If the petitioners at the new trial rely upon the dual aspect of the petition for attachment for contempt and seek to establish both civil and criminal liability for the contempt, the criminal feature must be regarded as dominant and fixing the character of the trial, and they cannot call the defendants as witnesses against their will. This is the rule followed in determining the character of the proceeding, whether civil or criminal, for purposes of review when both civil relief and criminal punishment are imposed on one petition. Matter of Christensen Engineering Co. 194 U. S. 458. In re Merchants’ Stock & Grain Co., petitioner, 223 U. S. 639. Union Tool Co. v. Wilson, 259 U. S. 107. It seems applicable also, to the trial of the facts.

Questions of evidence remain to be considered. The *368exception of the defendants to the ruling of the master, affirmed by the Superior Court, that the defendants other than the three named in the petition for attachment for contempt could be called as witnesses and compelled to testify, cannot be sustained. The ruling had already been made that the hearing and evidence on the contempt matter should be confined to the three named defendants.
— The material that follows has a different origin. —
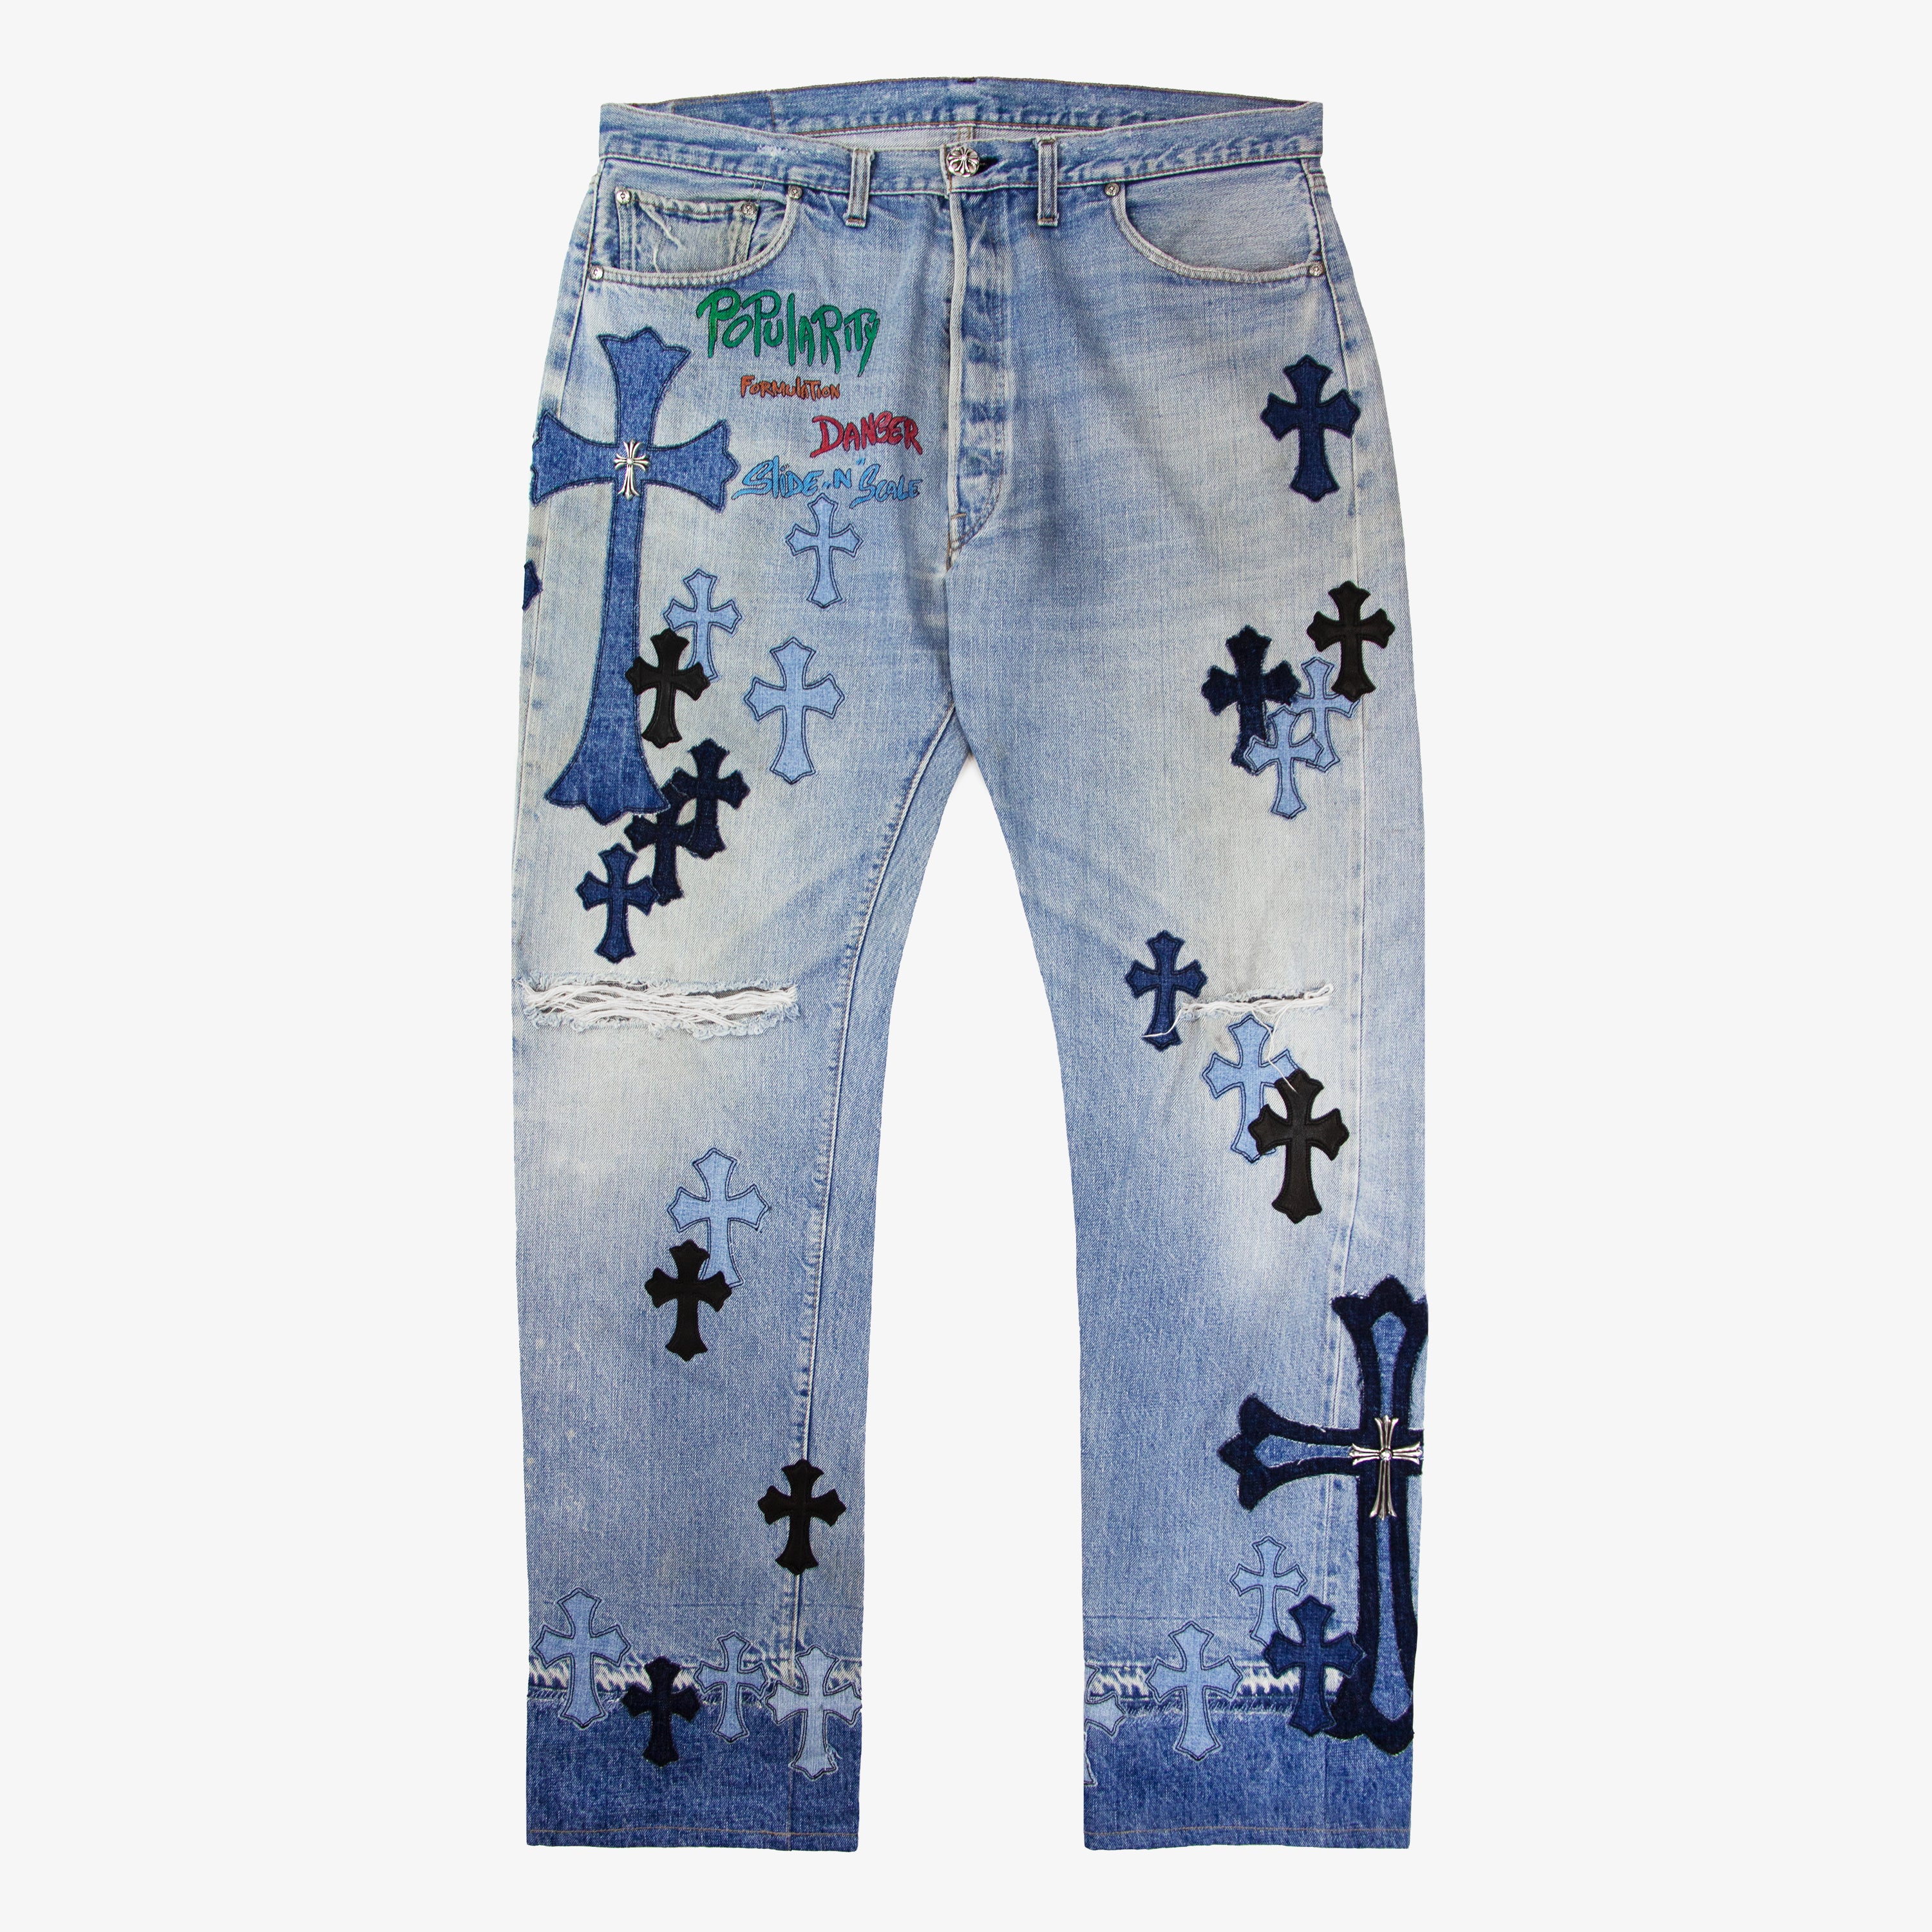 chrome heart patches on jeans｜TikTok Search
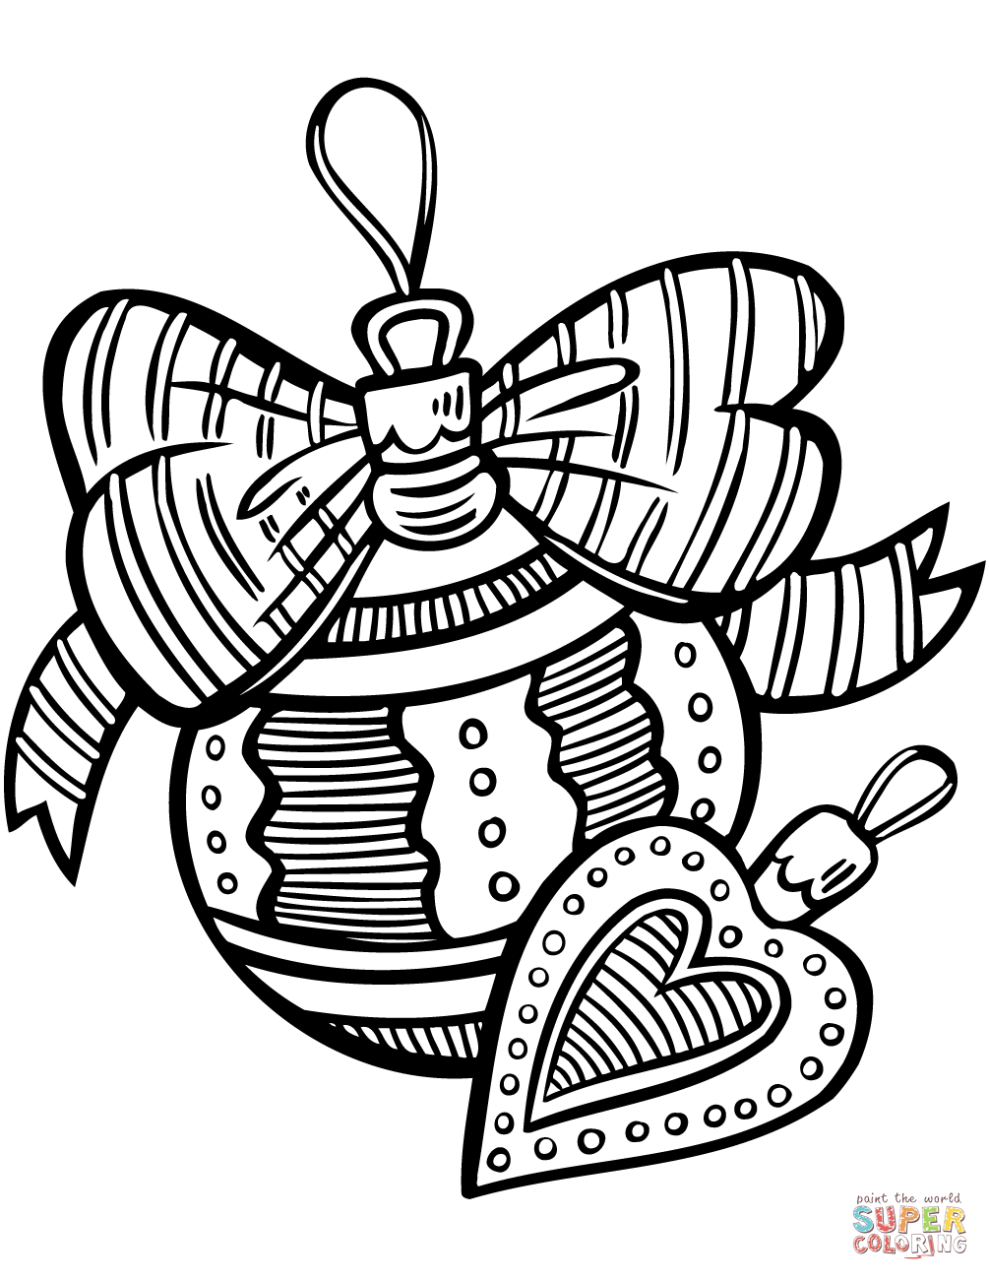 Christmas Ornaments coloring page Free Printable Coloring Pages

The others rightly could be called as witnesses.

One contention of the defendants before the master was that, “although the iron workers did stop work for a day and a half, it was not a strike.” As bearing upon this contention, evidence of “a general rumor current among, the ironworkers . . . that they would knock off work at the lunch hour,” in connection with the fact that they did stop work at that time, was admissible. General rumors among other trades, not involved in the proceeding, as to the cause of the strike are not shown to have been competent. Blais-dell v. Bickum, 139 Mass. 250.

Evidence as to the conversations between the superintendent of the general contractor on the Chamber of Commerce Building and one of the plaintiffs concerning the general subject of causing the carpenters to stop work was competent. Hubbard v. Allyn, 200 Mass. 166, 174. Lawlor v. Loewe, 235 U. S. 522, 533.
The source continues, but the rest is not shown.